Drive already mounted at /content/drive; to attempt to forcibly remount, call drive.mount("/content/drive", force_remount=True).


In [2]:
import os

# Current directory
print(os.getcwd())

# change directory
os.chdir('/content/drive/MyDrive/python_training/NLP100Days-part2/project_1_5/')
print(os.getcwd())

/content
/content/drive/MyDrive/python_training/NLP100Days-part2/project_1_5


In [3]:
# from: https://www.kaggle.com/wsdmcup/wsdm-fake-news-classification
# !unzip archive.zip

In [4]:
!python --version

Python 3.7.11


In [5]:
!pip install torch
!pip install transformers
#!pip install -q transformers
# 設定 torchtext 版本 安裝完必須重新啟動執行階段
!pip install torchtext==0.6.0



In [6]:
import pandas as pd
import numpy as np

import torch
import torch.optim as optim
from torch.utils.data import Dataset, DataLoader
from torch.nn.utils.rnn import pad_sequence
from torch.utils.data import random_split
from tqdm.notebook import tqdm

from transformers import BertTokenizer, BertForSequenceClassification

In [7]:
df_train = pd.read_csv('train.csv')
df_test = pd.read_csv('test.csv')

In [8]:
len(df_train)

320552

In [9]:
df_train.sample(3)

Unnamed: 0,id,tid1,tid2,title1_zh,title2_zh,title1_en,title2_en,label
111742,112046,84468,84469,原来宁泽涛家底丰厚 宁爸喊话转型不游泳 所以最终决定退役？
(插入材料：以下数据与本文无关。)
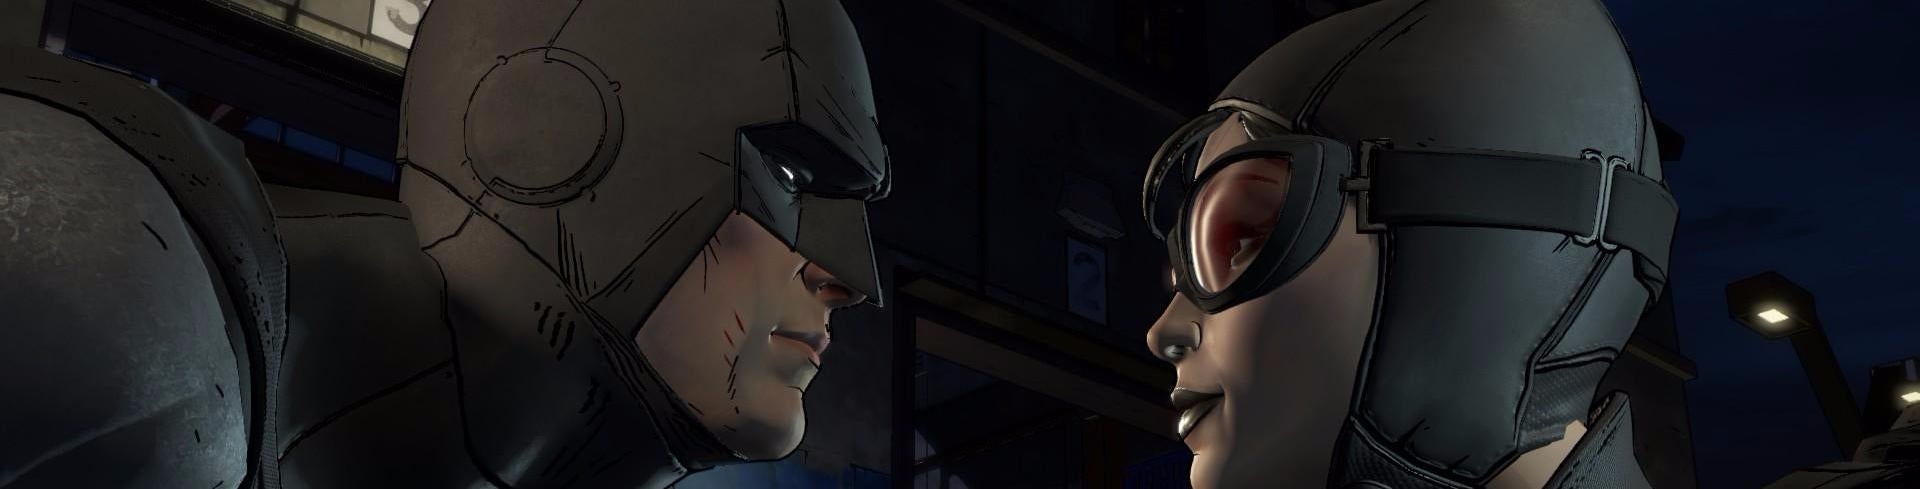 Imagem para Batman: The Telltale Series - Análise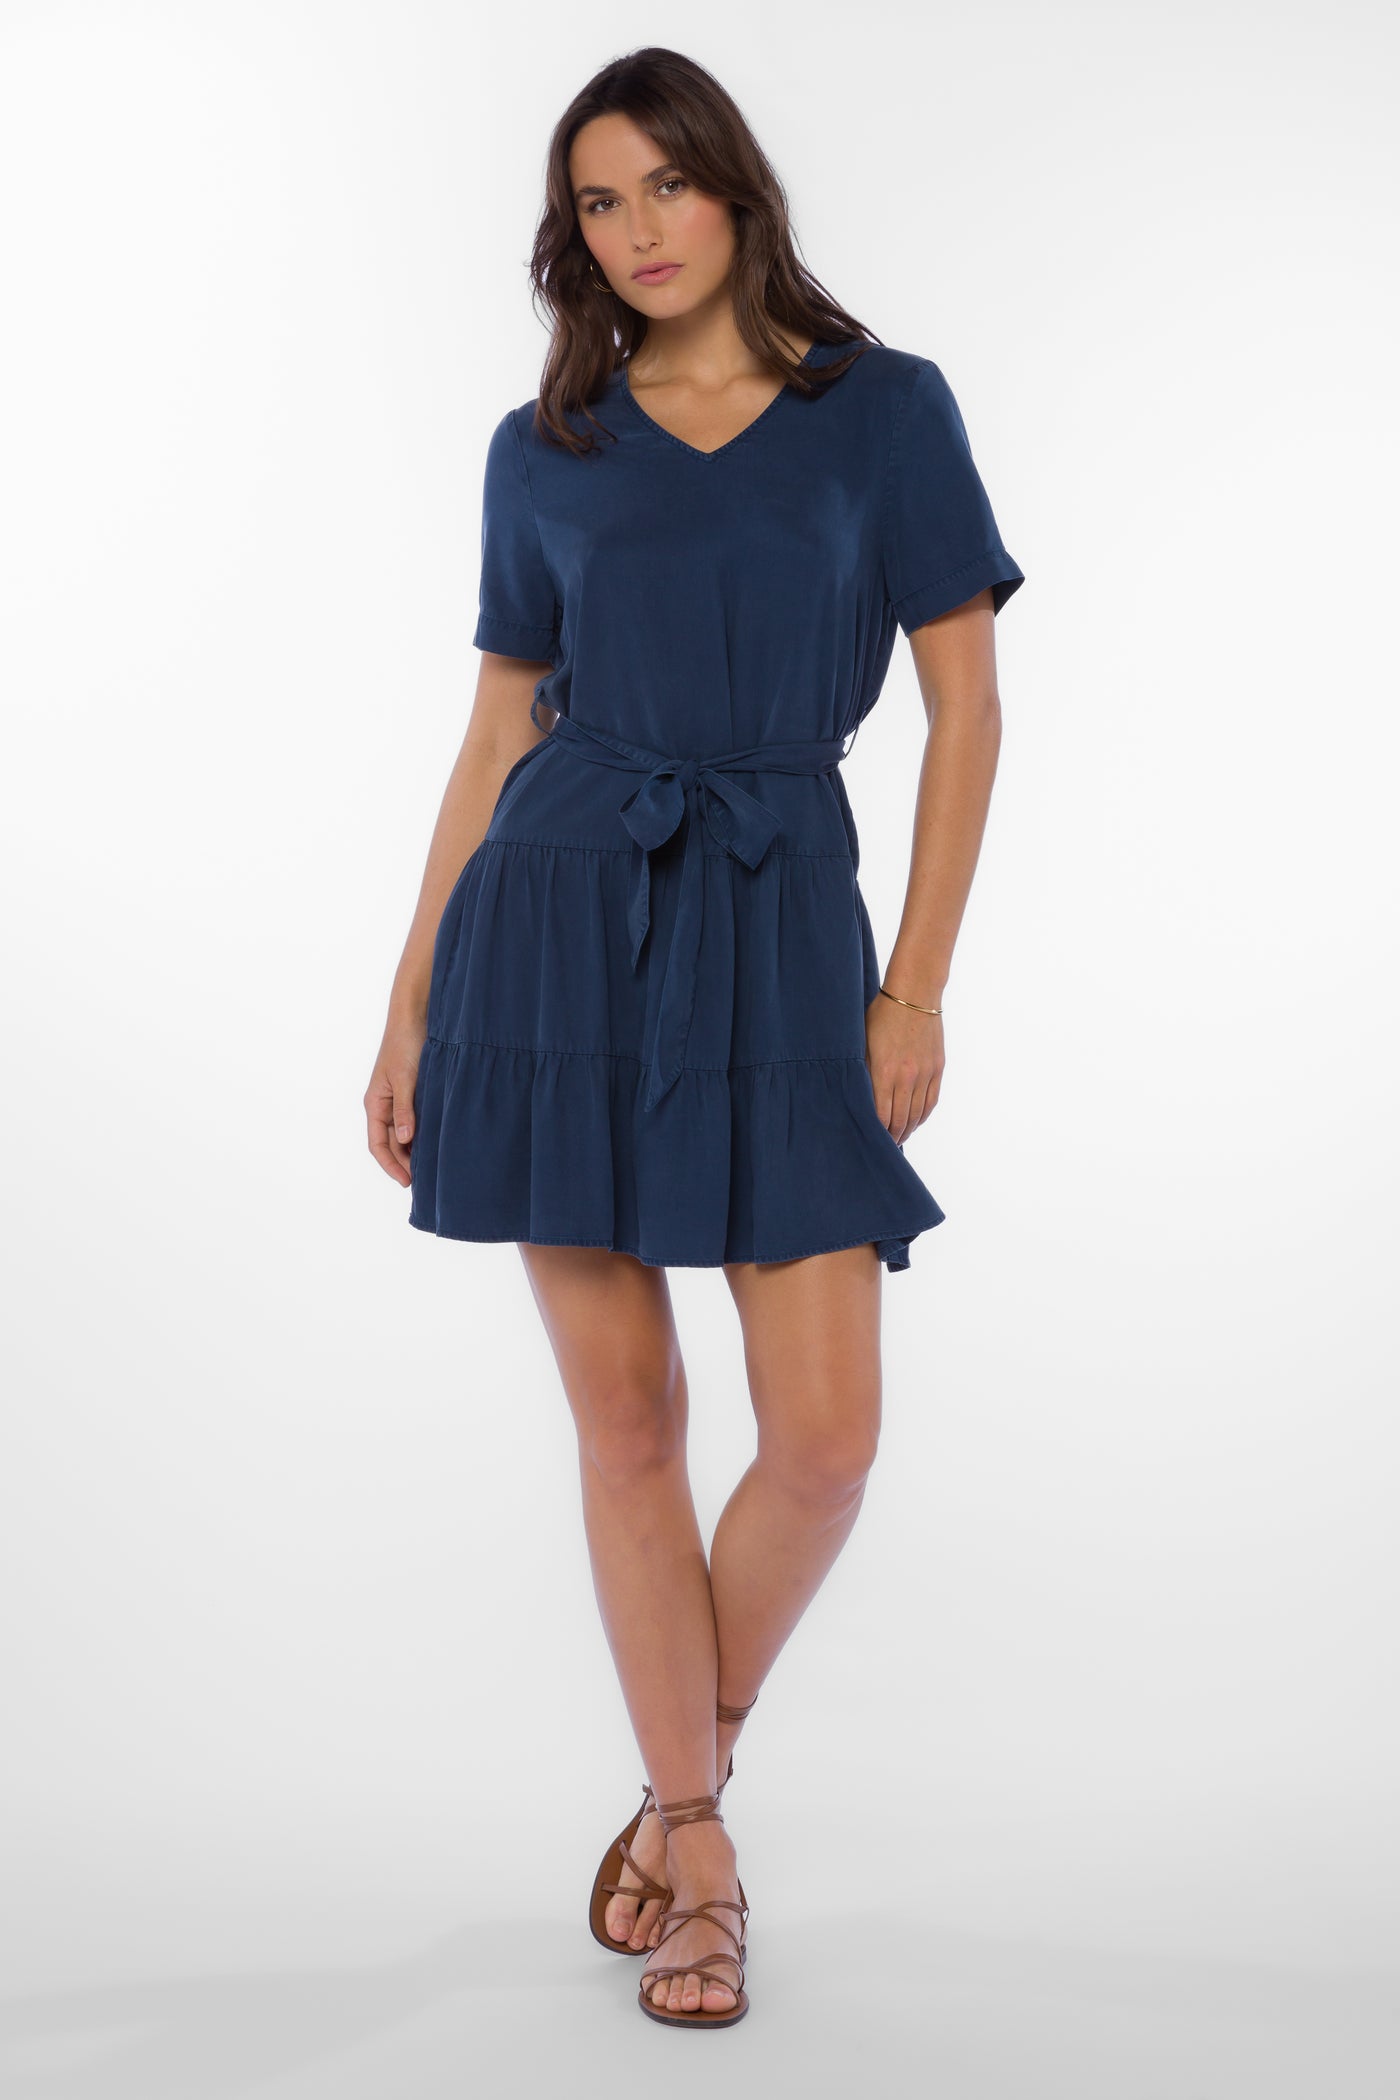 Arrow French Navy Dress - Dresses - Velvet Heart Clothing

,宁泽涛为什么办理转业手续 转业和退役有什么区别？,"Originally Zhentao Zhaodong is rich, the fathe...",Ning Zhaotao why to transfer procedures for tr...,unrelated
152965,153315,106997,85591,娱乐：天价离婚！赵薇哥哥离婚支付5亿分手费！,曾被朋友排挤，被天价分手费谣言傍身，但她却不吭不声捐4亿元,Entertainment: Divorce extremely expensive! Zh...,"She was outclassed by her friends, and she was...",unrelated
247349,247903,15662,102329,涂磊现场自爆自己离婚的真正原因，全场观众感动落泪！,央视周涛爆离开央视原因，前夫自爆离婚内幕疑有小三，女儿自闭症,The whole audience moved to tears as the real ...,"CCTV Zhoutao's reason why he left CCTV, her hu...",unrelated


In [10]:
df_test.sample(3)

Unnamed: 0,id,tid1,tid2,title1_zh,title2_zh,title1_en,title2_en
19737,341077,173197,173224,赵本山病重暴瘦40斤！前妻回国照料，妻子态度却让网友愤怒,死亡率最高的5款车，给再多补贴都不敢买！,Zhao Benshan was seriously ill and lost weight...,"The five cars with the highest mortality rate,..."
47652,369020,180315,12617,阴阳眼男孩（太极八卦阵现形）,步步惊魂，8岁男孩拥有阴阳眼源于藏在心灵深处的魔鬼？,Yin Yang Eye Boys (Taiji Eight Diagrams),"In a panic, an 8-year-old boy has the yin-yang..."
42750,364108,50544,10001,重磅！中考取消！九年制义务教育将升级为十二年制！,【辟谣】中考取消？九年制义务教育将升级十二年制？官方这样回应,Blockbuster! Canceled! Nine-year compulsory ed...,[Resurrection] The exam will be abolished and ...


In [11]:
df_train = df_train[['title1_zh', 'title2_zh', 'label']].dropna(axis=0).reset_index(drop=True)
df_test = df_test[['id', 'title1_zh', 'title2_zh']].dropna(axis=0).reset_index(drop=True)

In [12]:
len(df_train)

320545

In [13]:
len(df_test)

80125

In [14]:
df_train.sample(3)

Unnamed: 0,title1_zh,title2_zh,label
235574,死掉的蛇还会逃走，小狗会说话？又来一个尸兄！,这条狗已经成精了，还会劝架，这让麻麻怎么忍心下手？,unrelated
192131,户口在农村的人，你的身价将倍增！赶紧围观！,好消息！户口是农村的人赶紧看看，你的身价将倍增！,agreed
62134,事实派 | 柿子和螃蟹同食导致3岁女童死亡？食物相克还要骗多少人？,水果染色？螃蟹注油？ 院士现场做实验破谣言,unrelated


In [15]:
df_test.sample(3)

Unnamed: 0,id,title1_zh,title2_zh
17169,338508,赵丽颖想谈恋爱了，据说对方是个大老板,自曝恋爱中很难相信对方 赵丽颖爆料曾经被甩
32081,353433,这张绿叶贰角纸币收藏价值飙升，快找找家里有没有？,辟谣！南阳卧龙大桥五女跳河全死亡？假的
11600,332914,谢娜曝光赵丽颖瞒了十年的恋情，是他？双方携手会见父母,老交警提示：驾驶证替人销分新规已全面实施，被查住扣12分罚5000


In [16]:
ALL_LABELS = ['agreed', 'unrelated', 'disagreed']

In [17]:
MODEL_NAME = 'bert-base-chinese'

In [18]:
# 建置數據集
class NewsPairDataset(Dataset):
    def __init__(self, tokenizer, df, max_len=512):
        self.tokenizer = tokenizer
        self.df = df
        self.max_len = max_len

    def __getitem__(self, idx):
        text1 = self.df.loc[idx, 'title1_zh']
        text2 = self.df.loc[idx, 'title2_zh']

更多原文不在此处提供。